With my friends from Dublin visiting, and seeing today’s also the first Sunday of the month when many museums and historical landmarks are free to visit, we opted for the Museum of Modern Art at Centre Pompidou. It has an amazing collection, ranging from the “classics” (Picasso, Miro, Gris etc) to the quirky (there are pieces I have yet to decipher) – just the perfect place to spend a lovely afternoon together.

Something outside the windows kept catching my attention – the Basilica of Sacré-Cœur. And with it, it brought to mind an exhibition by Henri Rivière which I saw a couple of years back, displaying some prints of 36 Views of Eiffel Tower, which in turn was inspired by Hokusai’s 36 Views of Mount Fuji. Can I call dibs on photographic version of 36 Views of Sacré-Cœur? I can’t imagine it would be easy with a point-n-shoot camera, especially for distant views.
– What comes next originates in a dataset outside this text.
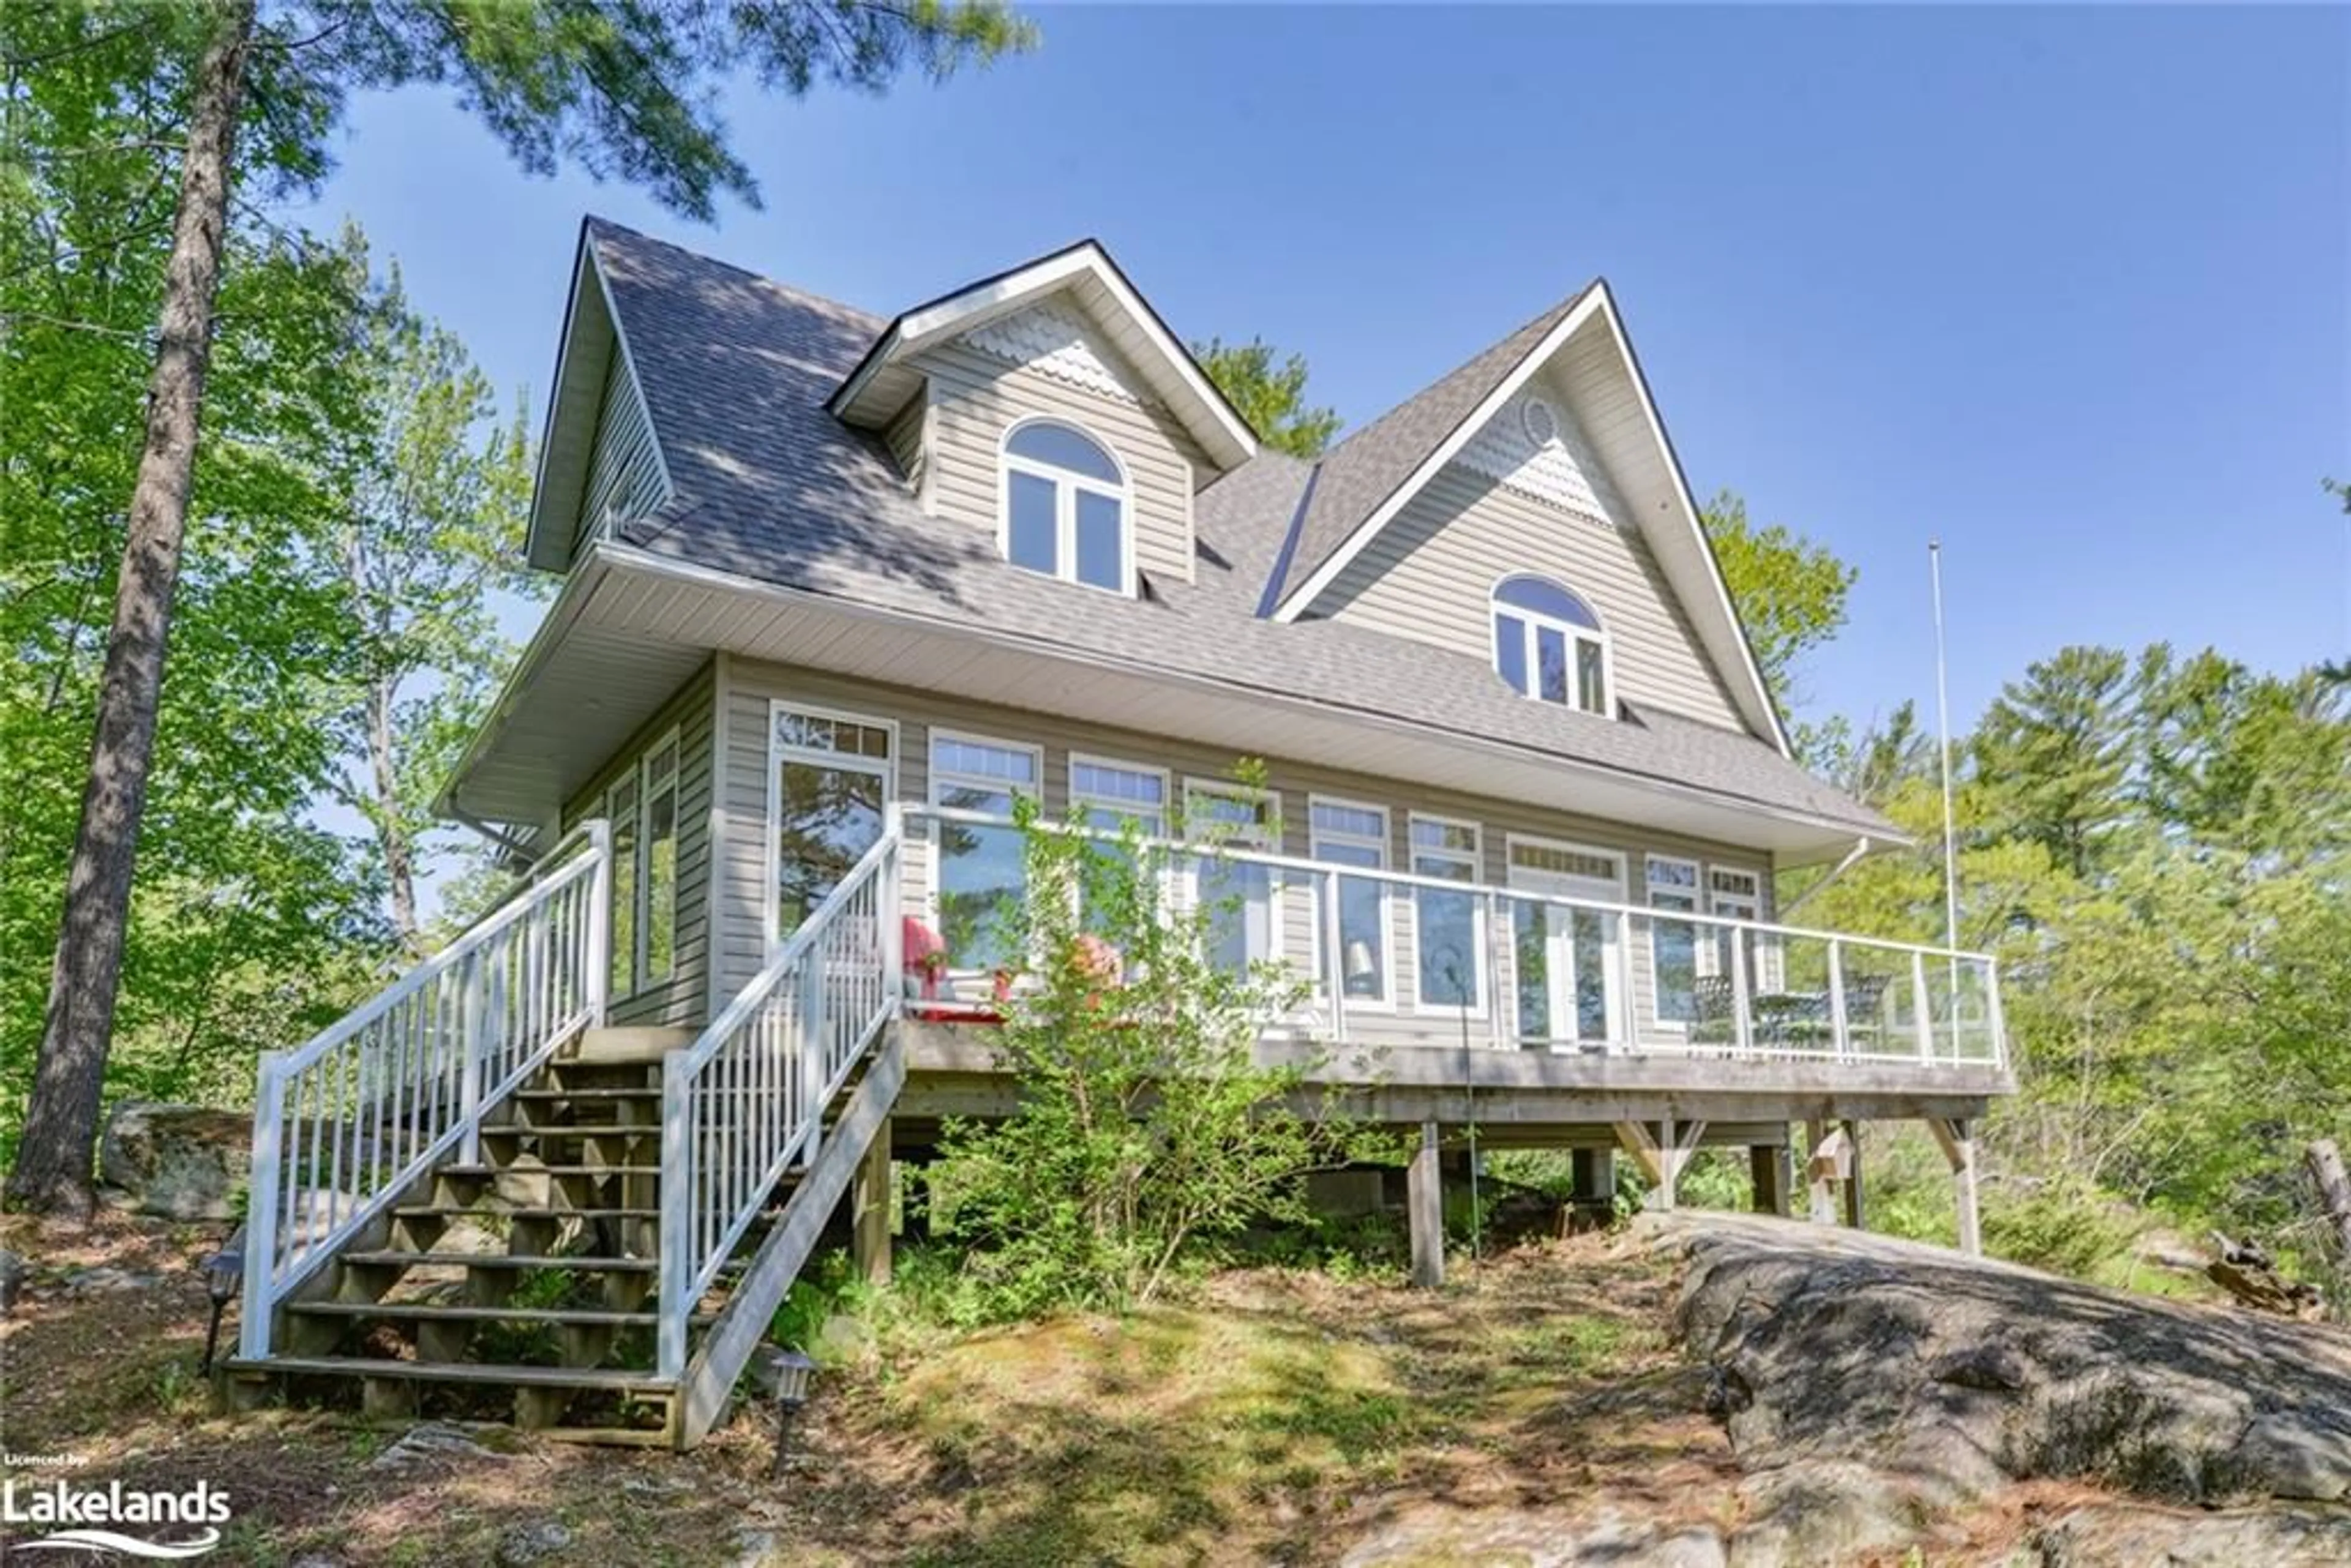 Cottage for 1320 360 Island, Port Severn Ontario L0K 1S0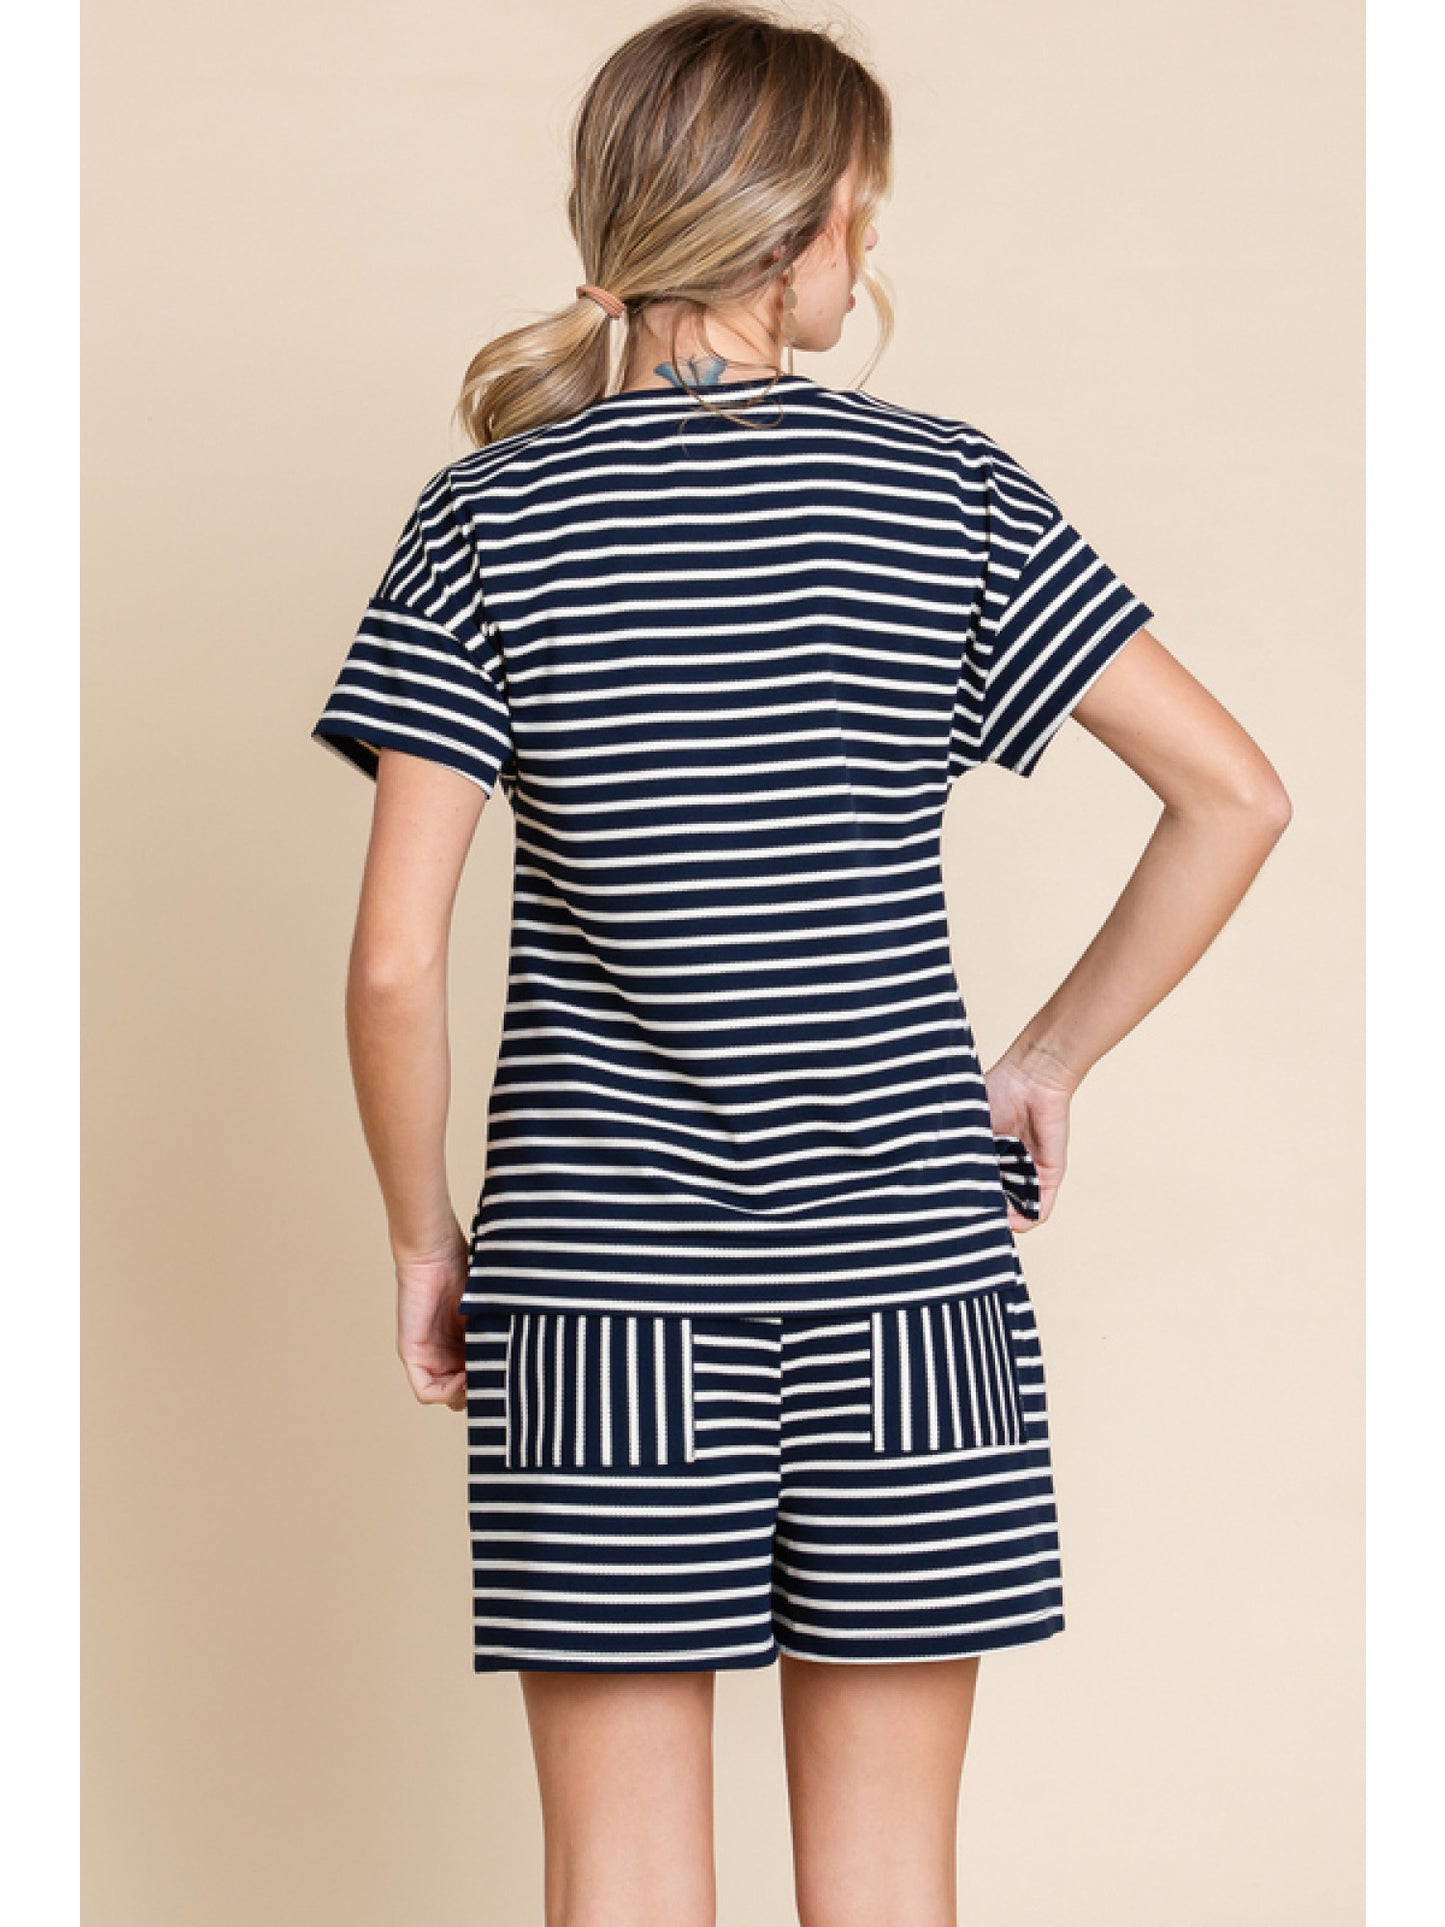 Striped loungewear sets-Short Sleeve top

Now that we’re coming into winter too, daylight hours are limited (I do need to work) and absolute clear days at weekends may be hard to come by. We’ll see…

Day 242: Bedazzled Invader

Pixel art is fun, pixel art in bedazzled tiles is even more entertaining.

Spotted on a wall somewhere in the Marais (I cannot for the life of me recall the street name right now), this space invader is sitting pretty with coloured alien antennae (note the matching colour scheme) and a special one that sparkles and dazzles. Is there extra point for zapping the alien via that particular antenna? ;)

As a child, growing up, my first memories of computer/video games are of Mario Bros (ah the days of game cartridges and square Nintendo box), Space Invaders (black 8″ floppy disks!), Pacmac and Pinballs (giant machines at the arcade, anyone?) but somehow I seem to have outgrown them quicker than I’d anticipated. Nowadays it’s all nostalgia and reminiscing the past, and me unable to play wii without embarassing myself.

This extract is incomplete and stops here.